Yesterday I got a new Toshiba notebook computer. It’s lighter and faster, the hard drive holds four times as much data, and the factory installed RAM (4.0) is twice what I have in the old notebook.
I’m still in the process of setting up the software I use, but so far it’s been a dream machine. Best of all is the battery. The battery life indicator promises about four and a half-hours of use, although that obviously depends on the load being placed on it. Still, I’ve been running on battery power now for about 20 minutes, using a cooling pad as well as the computer itself, and I’ve only used a few percent of its stored up power. The battery life in my old HP laptop would be half gone by now, especially if I used the cooling pad with the computer. I’m still pinching myself, because now the use of my computer when away from home is no longer contingent on finding a seat next to an electrical outlet.
The question I ask now–and the reason I have put this in GQ–is whether there is anything I should or should not be doing now, while the computer and battery are new, to ensure that the battery continues to perform well?
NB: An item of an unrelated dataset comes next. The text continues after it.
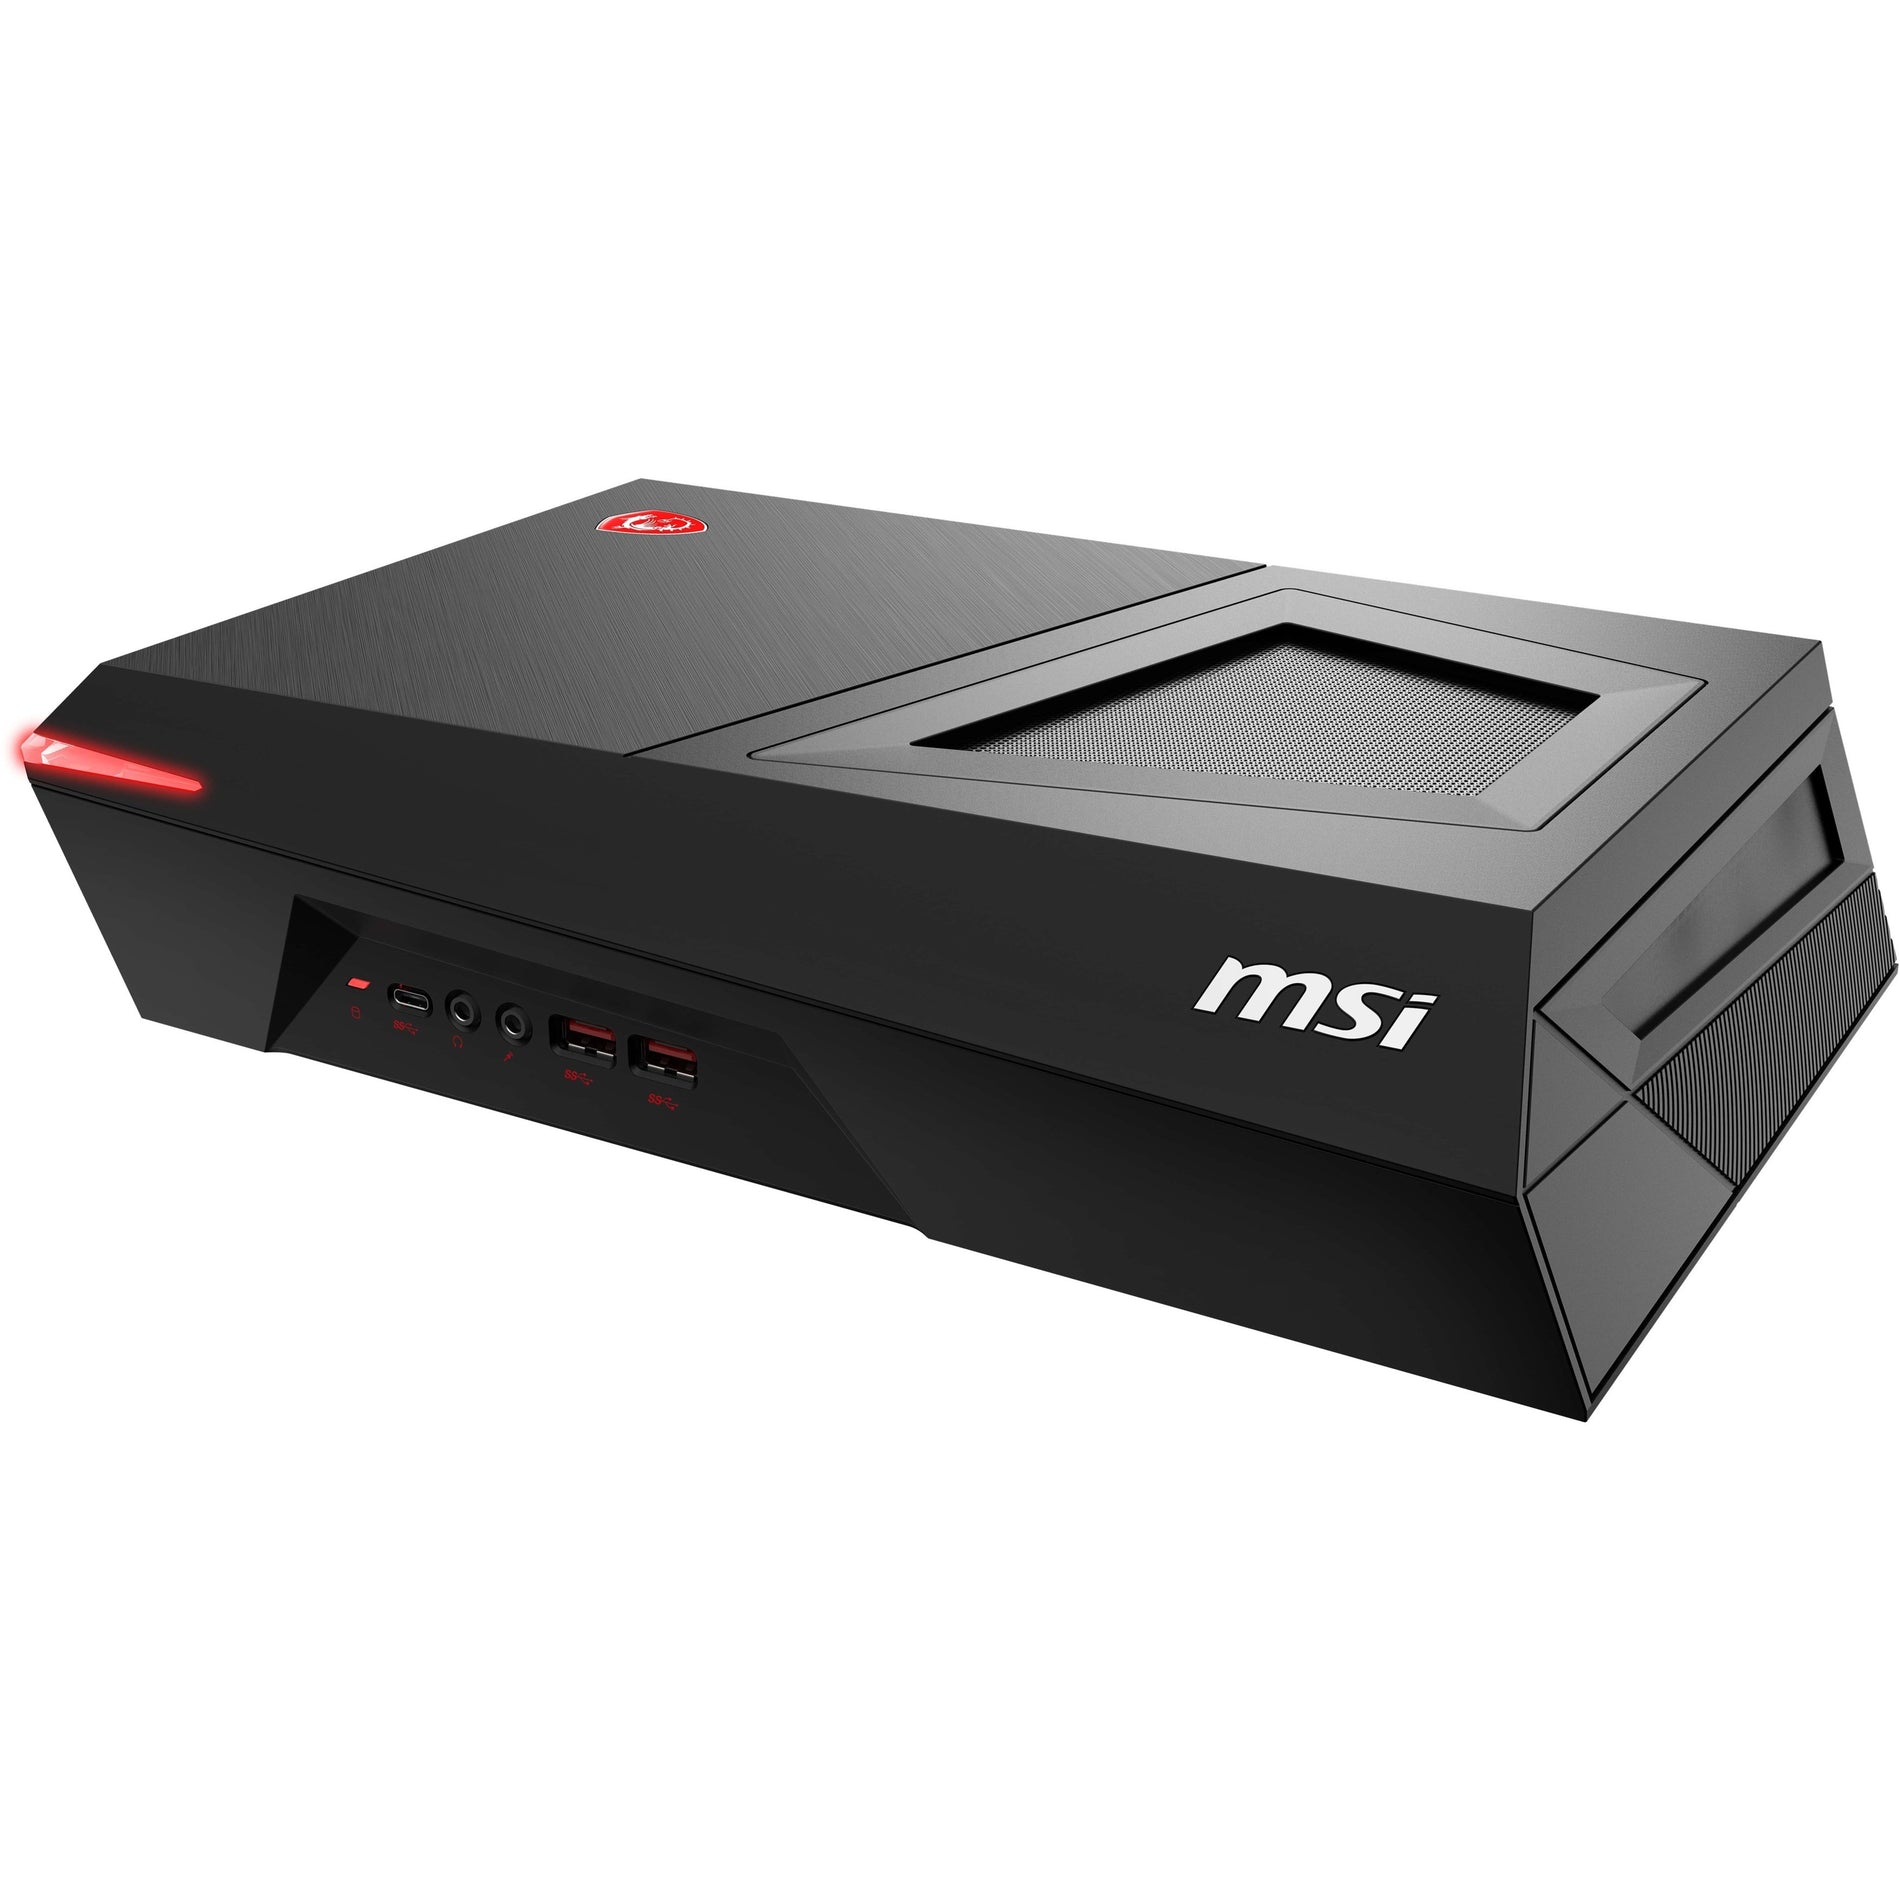 MSI TR313TC075 MPG Trident 3 13th Gaming Desktop Computer - Intel Core i5 13th Gen, 16GB RAM, 512GB SSD, Windows 11

There are several sites on the web that address this. Depends on what you battery usage is going to normally be, exactly what kind of battery it is and stuff and such.
The thing that most interested me was that it should be stored in a partially discharged state.
What I have found it that under normal in house use, I pull the battery just enough to disconnect it and use a battery back up with the straight A/C from the wall. That keeps it from being constantly charged and bouncing at the top of the charge state. (More important for different kinds of batteries.) Keeps the use cycles low and when I do use the batter, I try to run it down real low before charging to keep the cycles low, thus getting longer over all battery life.
Should be some info in your book that came with the computer I would think.
YMMV
I believe it is Li-ion, but it’s not telling me from the system itself. The materials that came with the notebook don’t really give you any definite dos or don’ts, so I suppose there isn’t much to worry about. And until I got this computer yesterday, I never did worry much about batteries, because they usually seemed to have so short a useful discharge cycle as to be nearly worthless.
As for giving hints for prolonging battery life, or advising the user how not to shorten it, it’s my experience with computers and software generally that vendors prefer to emphasize what you can do with the product rather than what you can’t do.
BTW Fantome thanks for the link. I was looking for that.